Is there any particular ATE trace we could enable to gain more insight into why the connection is being dropped?

Any thoughts/suggestions on how to troubleshoot would be appreciated.

Thanks!
John

Re: SSH Disconnects [Re: John Andreasen] #34673 26 Oct 21 05:22 PM
Joined: Jun 2001
Posts: 11,645
J
Jack McGregor Online Content
Member
Online Content
Member
J
Joined: Jun 2001
Posts: 11,645
This is a difficult issue to pin down. I even have this problem intermittently connecting between my development machine and a VM running on the same machine, but I've yet to discover the trigger. One common cause is a router or VPN inactivity timeout, but in that case it would be pretty regular. (In my VM case, that's clearly not the issue, and the disconnect sometimes occurs within seconds of connecting, other times minutes or hours later.)
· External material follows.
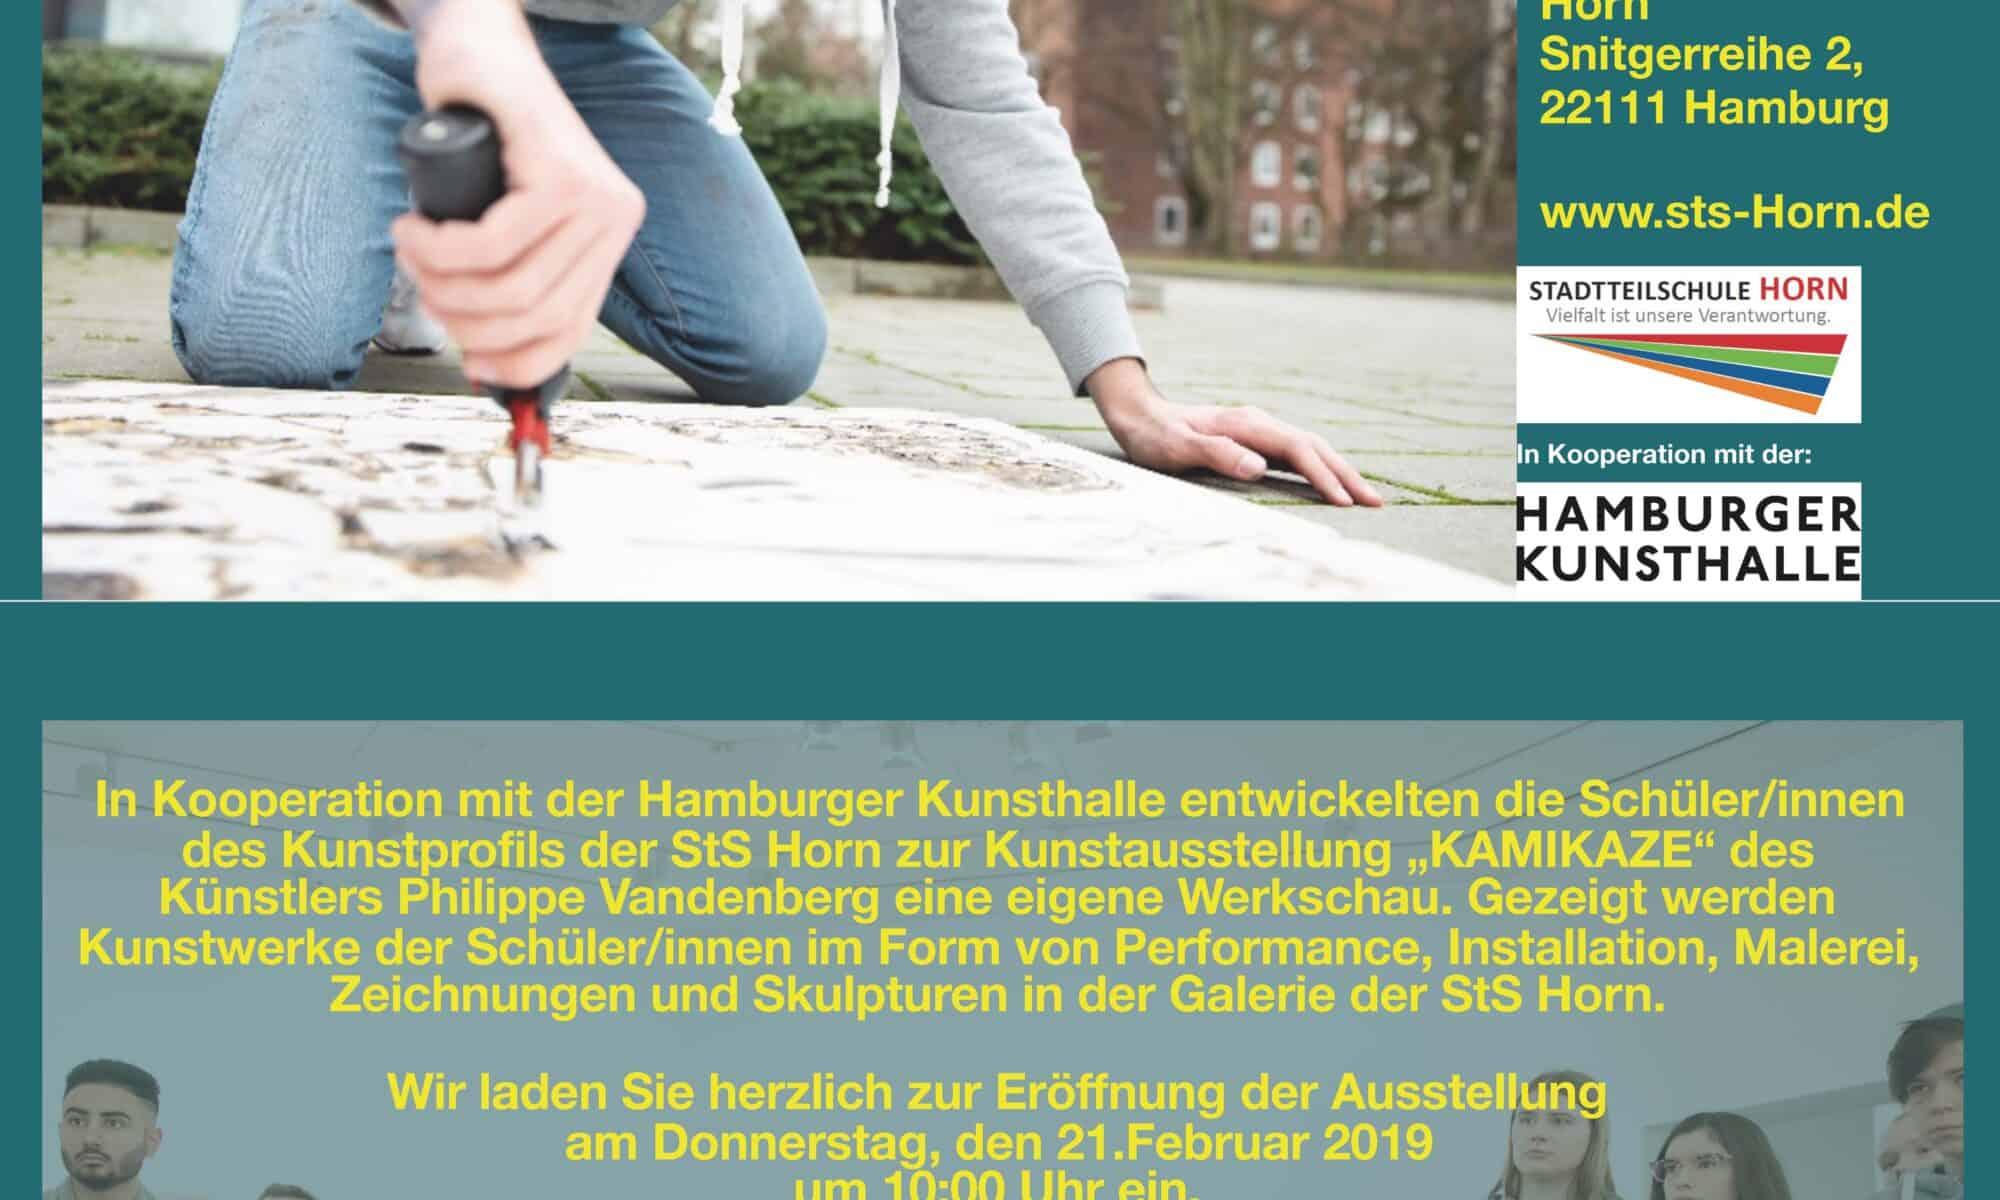 21. Februar 2019; Galerieraum Stadtteilschule Horn; Snitgerreihe 2; 22111 Hamburg

To further confound the situation, the server typically only detects the SIGHUP when it tries to write to the connection, so if the job is sitting at the dot prompt, or some kind of static input, it could be a long time before the disconnect is discovered. (Typically it would then fall to the IATIMEOUT assuming you have one. Note that INFLD prompts will send a probe every 15 seconds (assuming INFLD_KEEAPLIVE set), so in that case you would detect the situation sooner (and maybe even prevent it, if it's related to some kind of router or VPN timeout).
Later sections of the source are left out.